From a story at wired.com:
No Longer Safe for Work: Blogs

Robert Mason (not his real name) would love to spend a few minutes during lunch catching up on blog posts from around the web, but his company doesn't allow it. The financial institution where Mason works as a vice president has security filters set up to block access to -- among other things -- any website that contains the phrase "blog" in the URL.

What's more, says Mason, such practices are becoming prevalent in corporate America, particularly in financial services. Mason sits on a roundtable privacy group of 20 of the country's largest banks. "My best understanding is that my company's anti-blog stance is the industry norm," he says.

Yes, blogging can be a waste of time at work. And I suppose that there's a risk employees will post sensitive information on blogs or comments. But, really, I think it's rather shortsighted to block blog access from the workplace. I, for example, use some technology related blogs as a legitimate part of the information gathering that my job requires. Were my company to attempt a wholesale block of blogs, they would take a valuable tool away from me that I use to do my job.

Read the full article....


Nov. 10th, 2005 04:07 am (UTC)
Blogging is *NOT* appropriate for work unless it's directly related to your work. Like a blog on SBS 2003 and how to install Exchange SP2. Otherwise, you're wasting the company's time!

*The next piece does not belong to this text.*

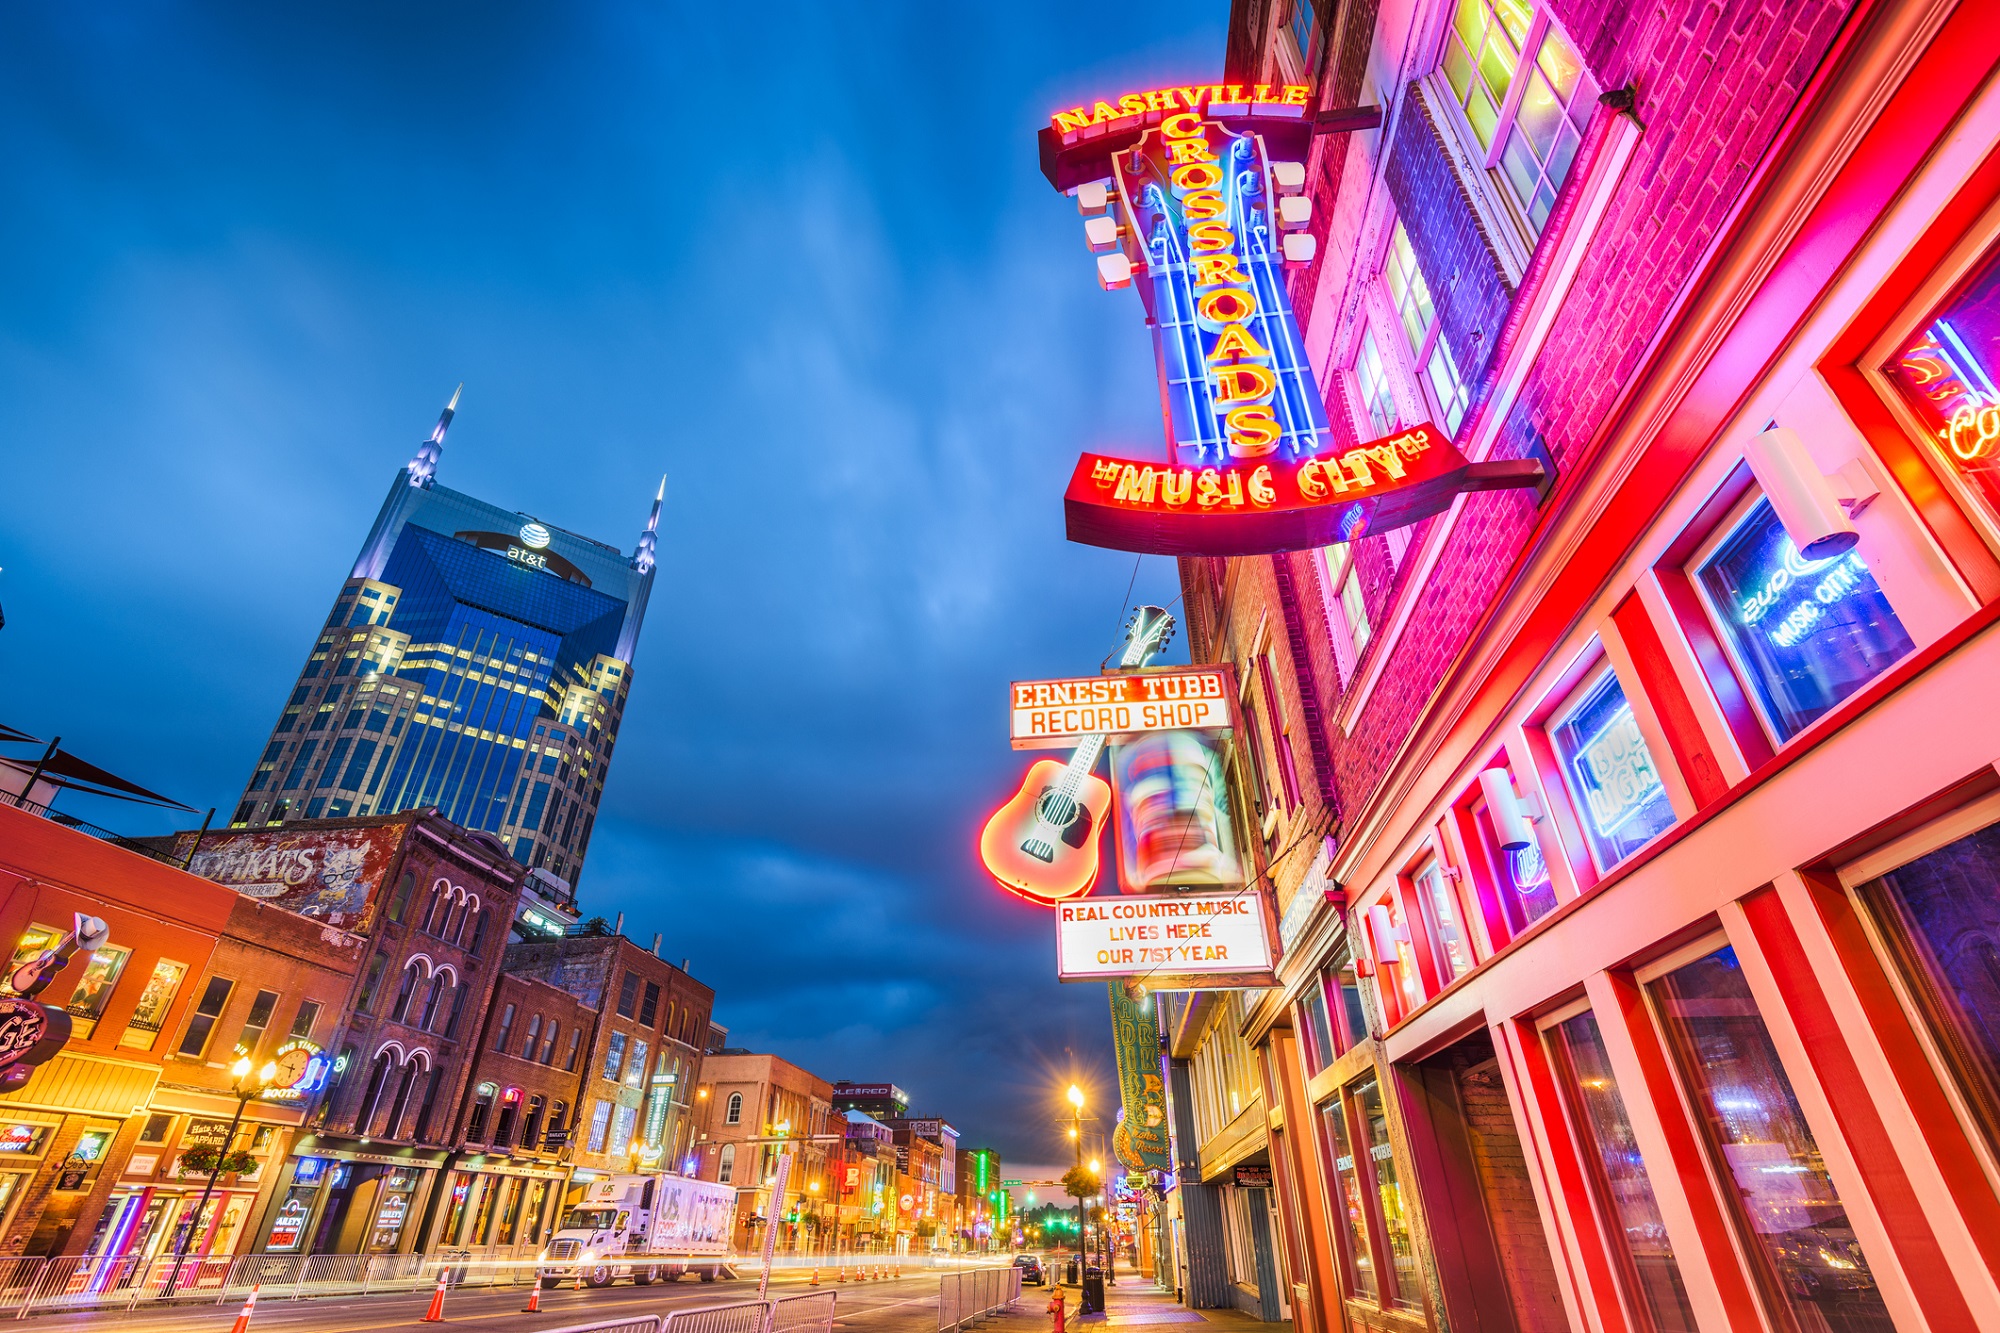 View of restaurants in bars in Nashville, TN

(OK, so I'm a little mad right now because my co-worker has been watching online video clips lately, the boss knows, and hasn't done a thing!!!)


...and yes, still too lazy to deal with OpenID!
Nov. 10th, 2005 12:07 pm (UTC)
Sure, but the point was that even blogs that can be work-related are getting banned. Also, most companies allow people small breaks throughout the day, where it would be appropriate for non-work-related blogs to be checked.